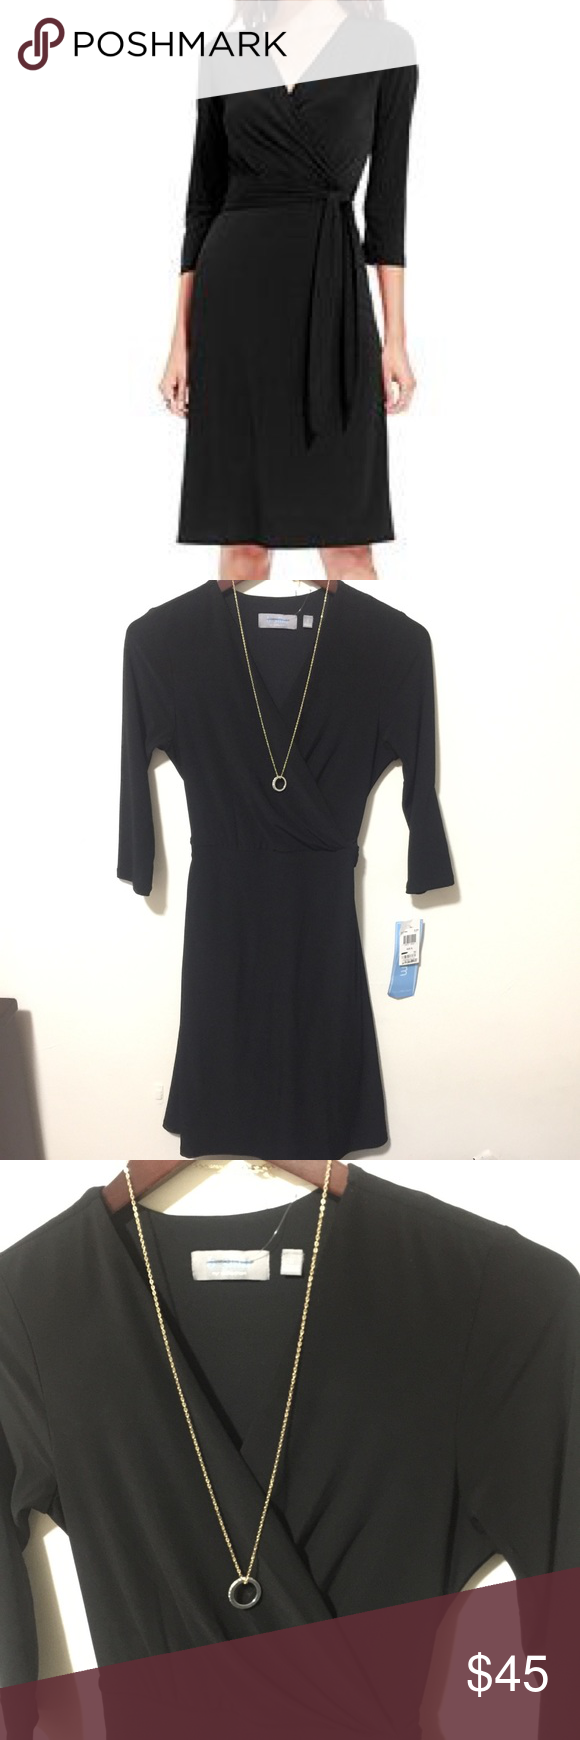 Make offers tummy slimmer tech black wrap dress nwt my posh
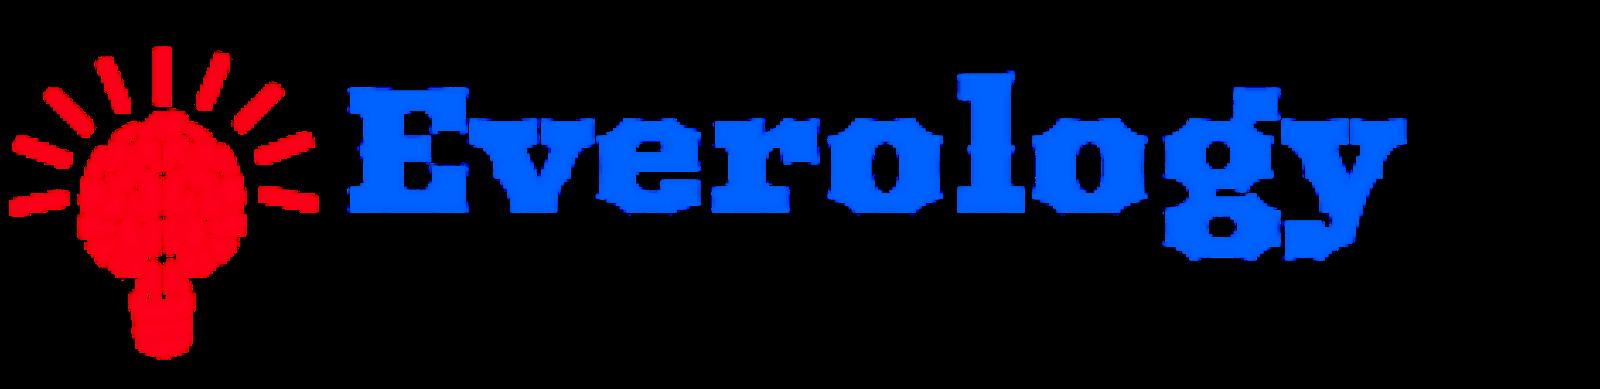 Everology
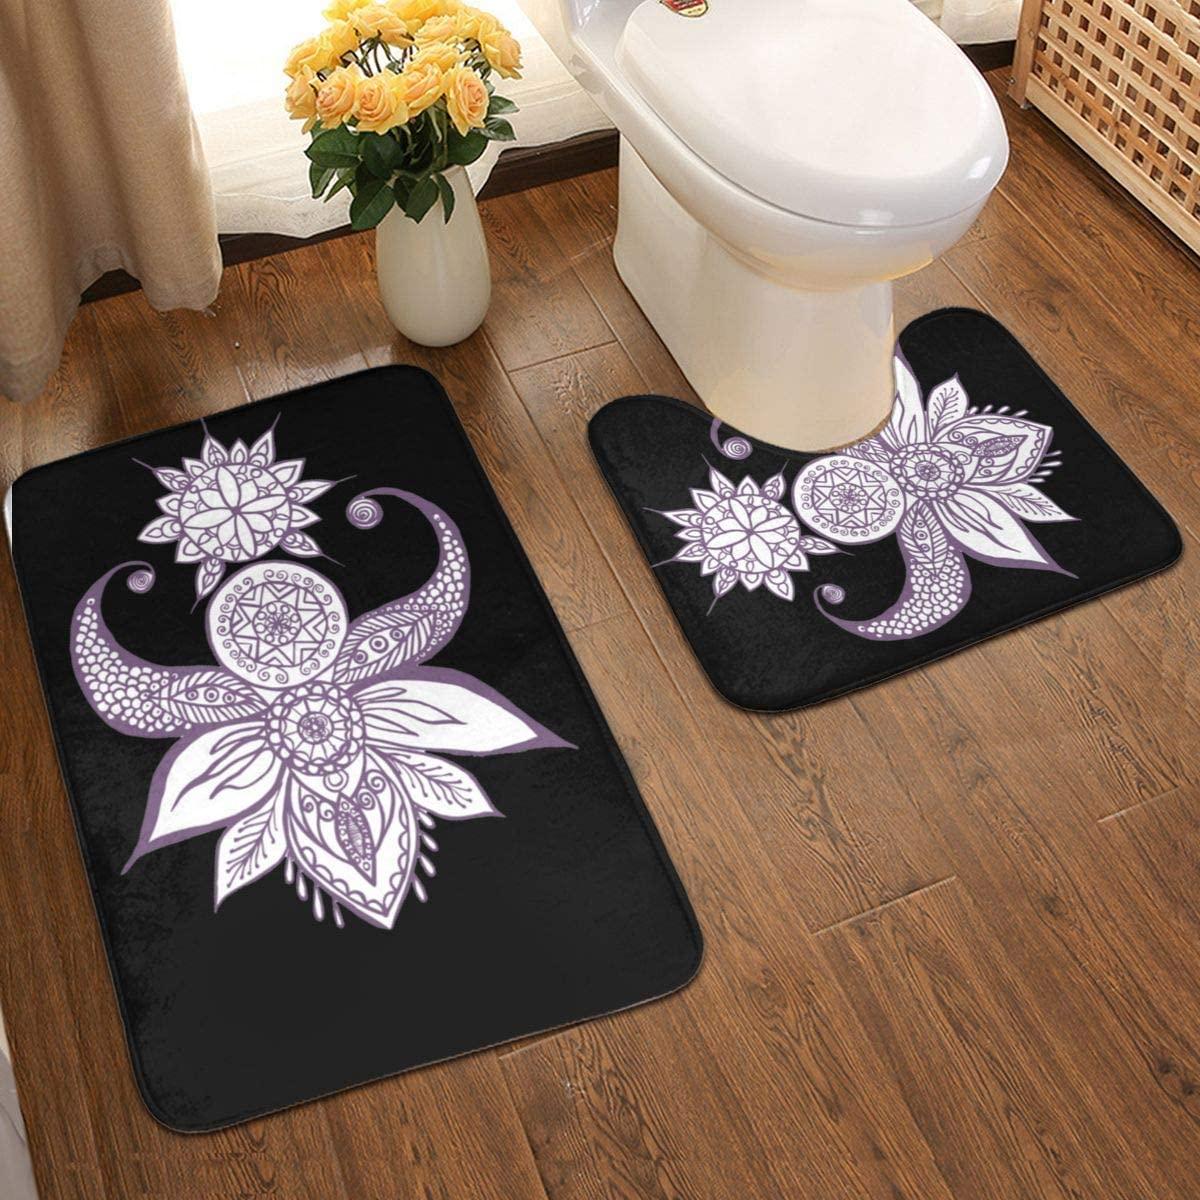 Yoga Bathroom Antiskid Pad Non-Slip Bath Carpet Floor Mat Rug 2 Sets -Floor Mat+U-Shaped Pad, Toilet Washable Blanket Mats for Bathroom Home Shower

(Activity)
Output the listing word for word. Drop the pictures.

(Reply)
 Make offers tummy slimmer tech black wrap dress nwt my posh
 Everology
 Yoga Bathroom Antiskid Pad Non-Slip Bath Carpet Floor Mat Rug 2 Sets -Floor Mat+U-Shaped Pad, Toilet Washable Blanket Mats for Bathroom Home Shower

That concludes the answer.